→ **The data**
▼▼▼

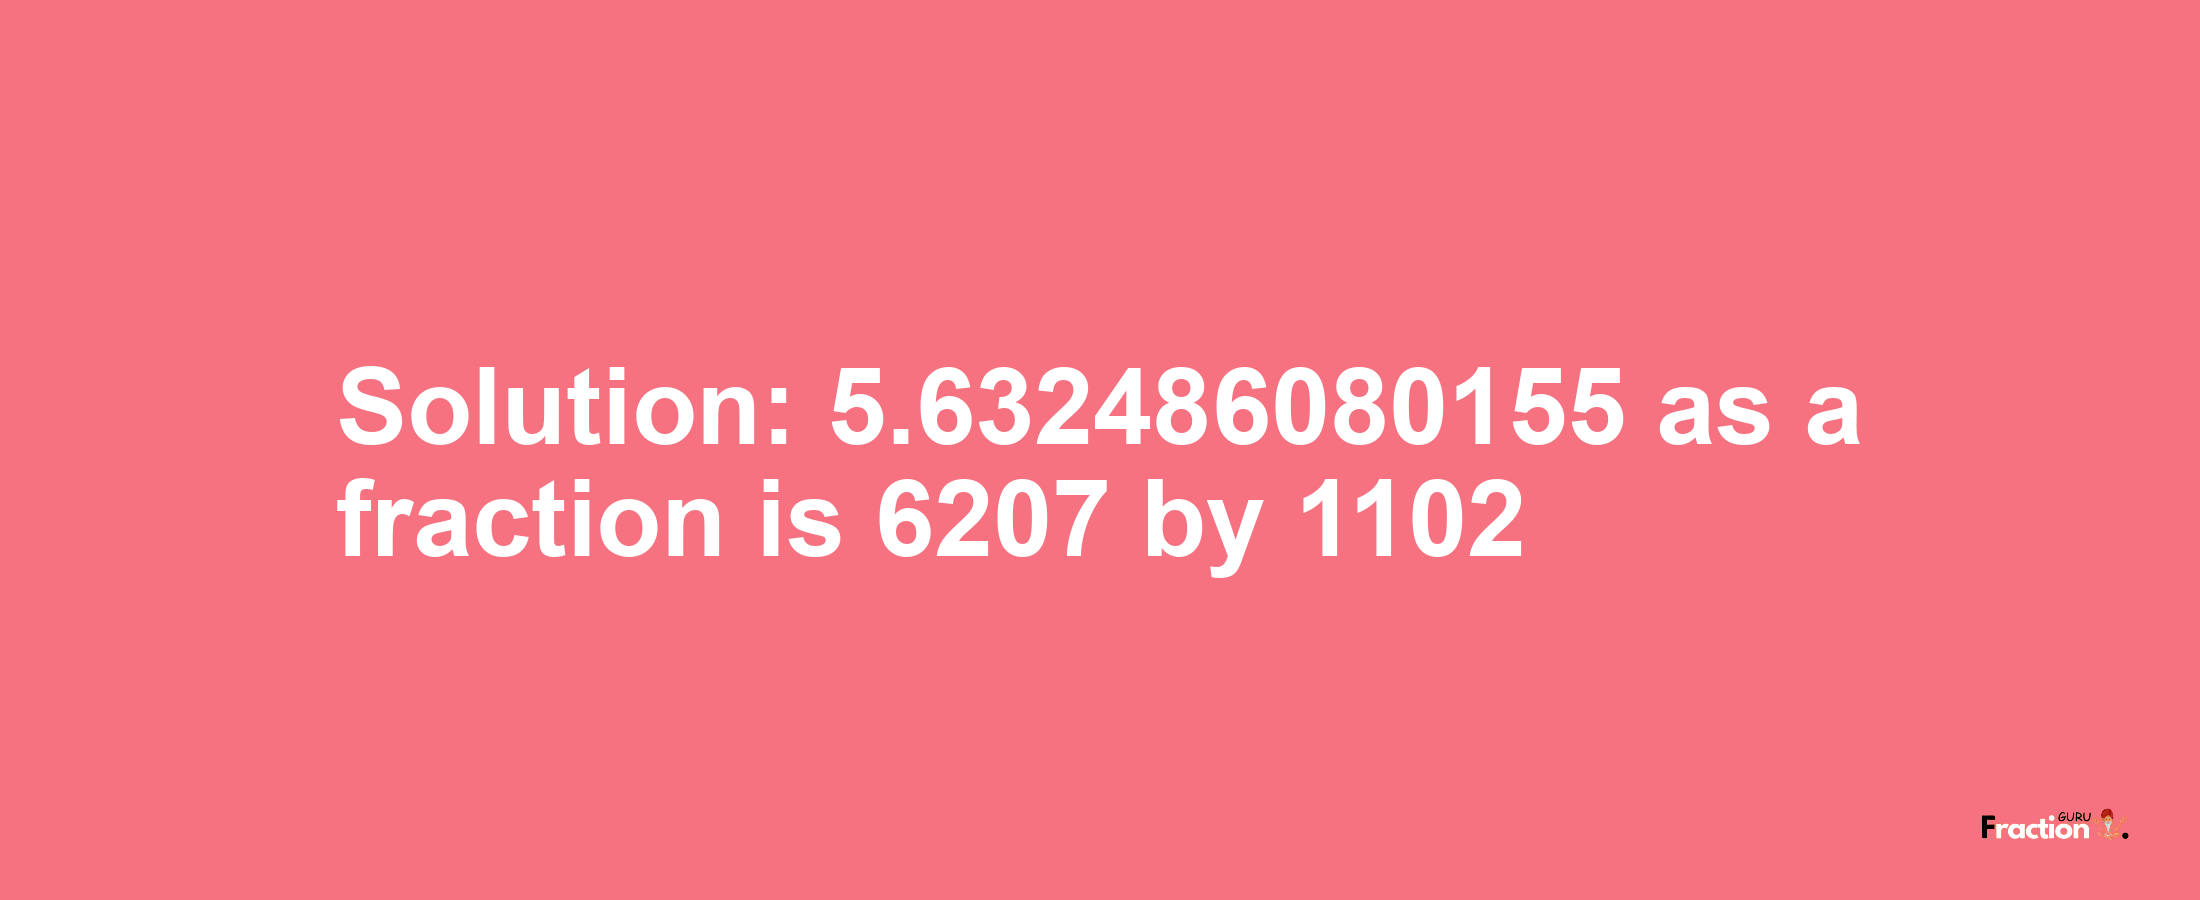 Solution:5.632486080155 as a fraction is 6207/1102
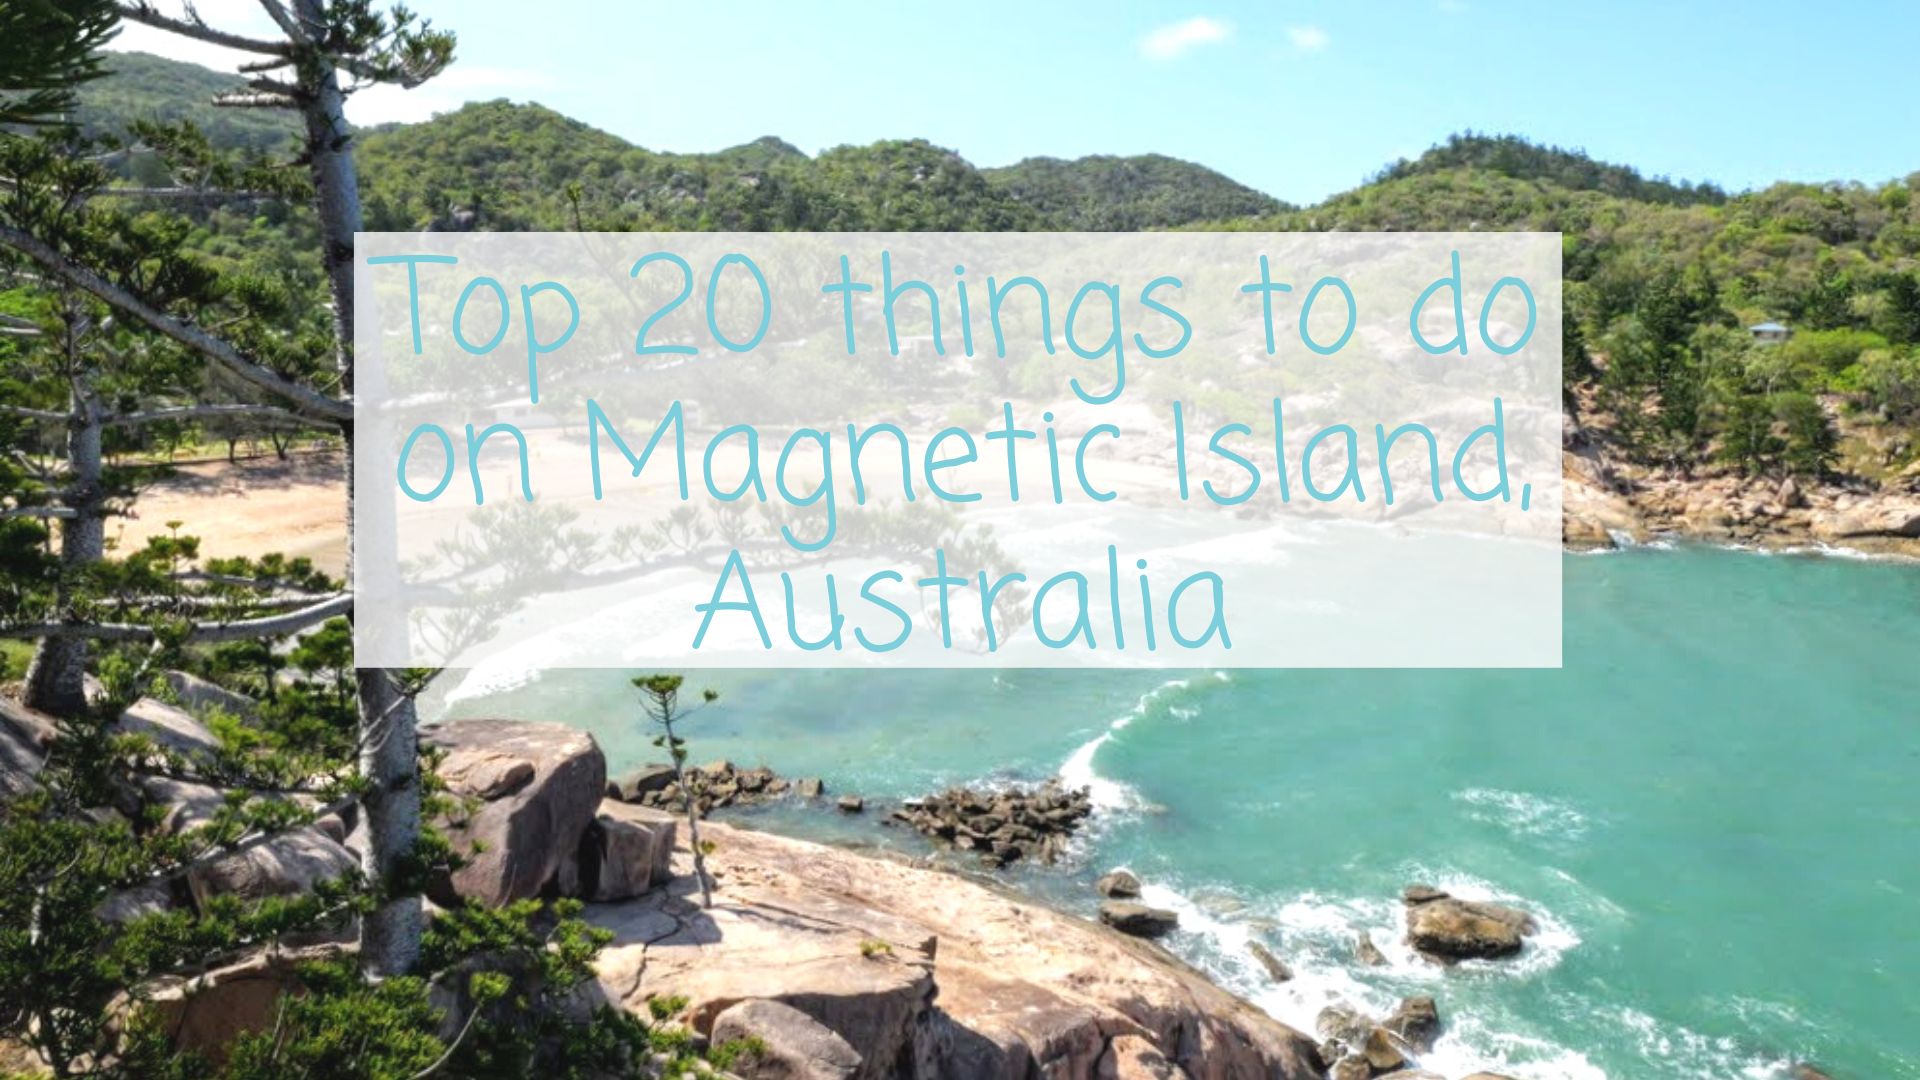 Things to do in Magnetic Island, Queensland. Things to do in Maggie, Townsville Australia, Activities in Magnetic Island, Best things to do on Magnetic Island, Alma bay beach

▲▲▲
▼▼▼

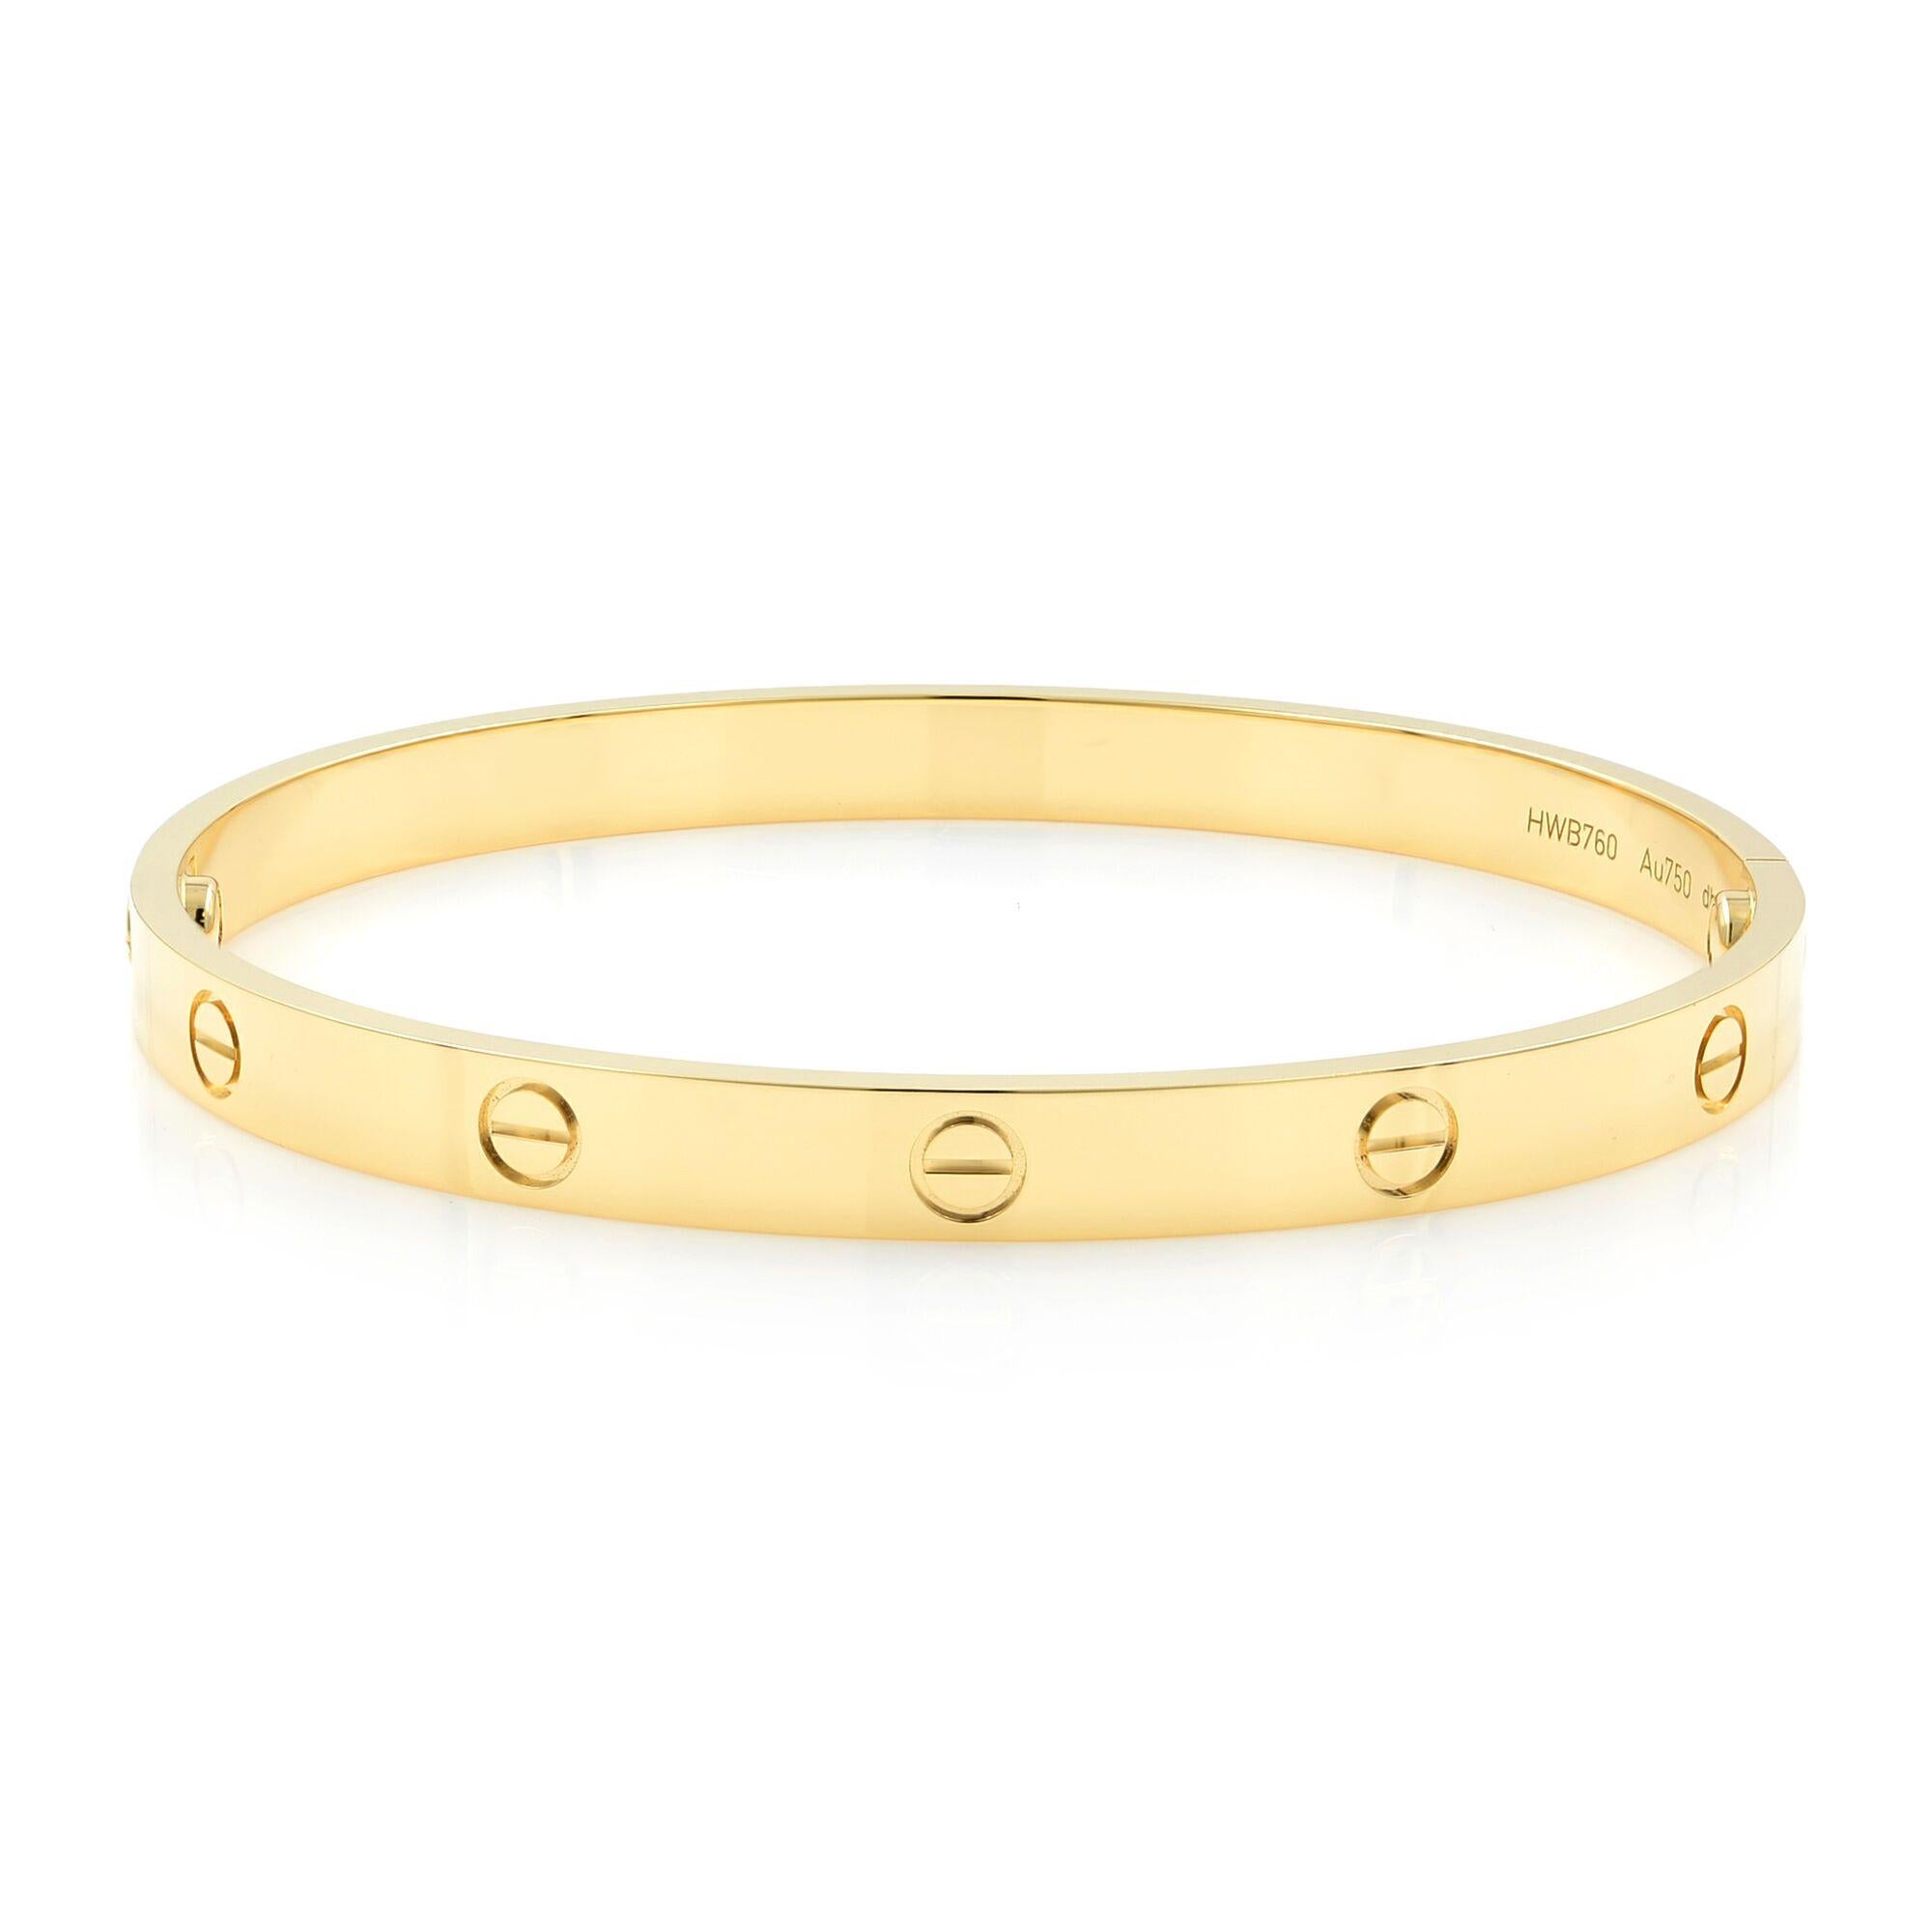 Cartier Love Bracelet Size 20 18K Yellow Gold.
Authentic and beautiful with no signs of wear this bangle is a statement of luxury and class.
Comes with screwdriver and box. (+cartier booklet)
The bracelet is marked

▲▲▲

Every line of the listing that includes "with" must be shown.

→ **Answer to this task**
Authentic and beautiful with no signs of wear this bangle is a statement of luxury and class.
Comes with screwdriver and box. (+cartier booklet)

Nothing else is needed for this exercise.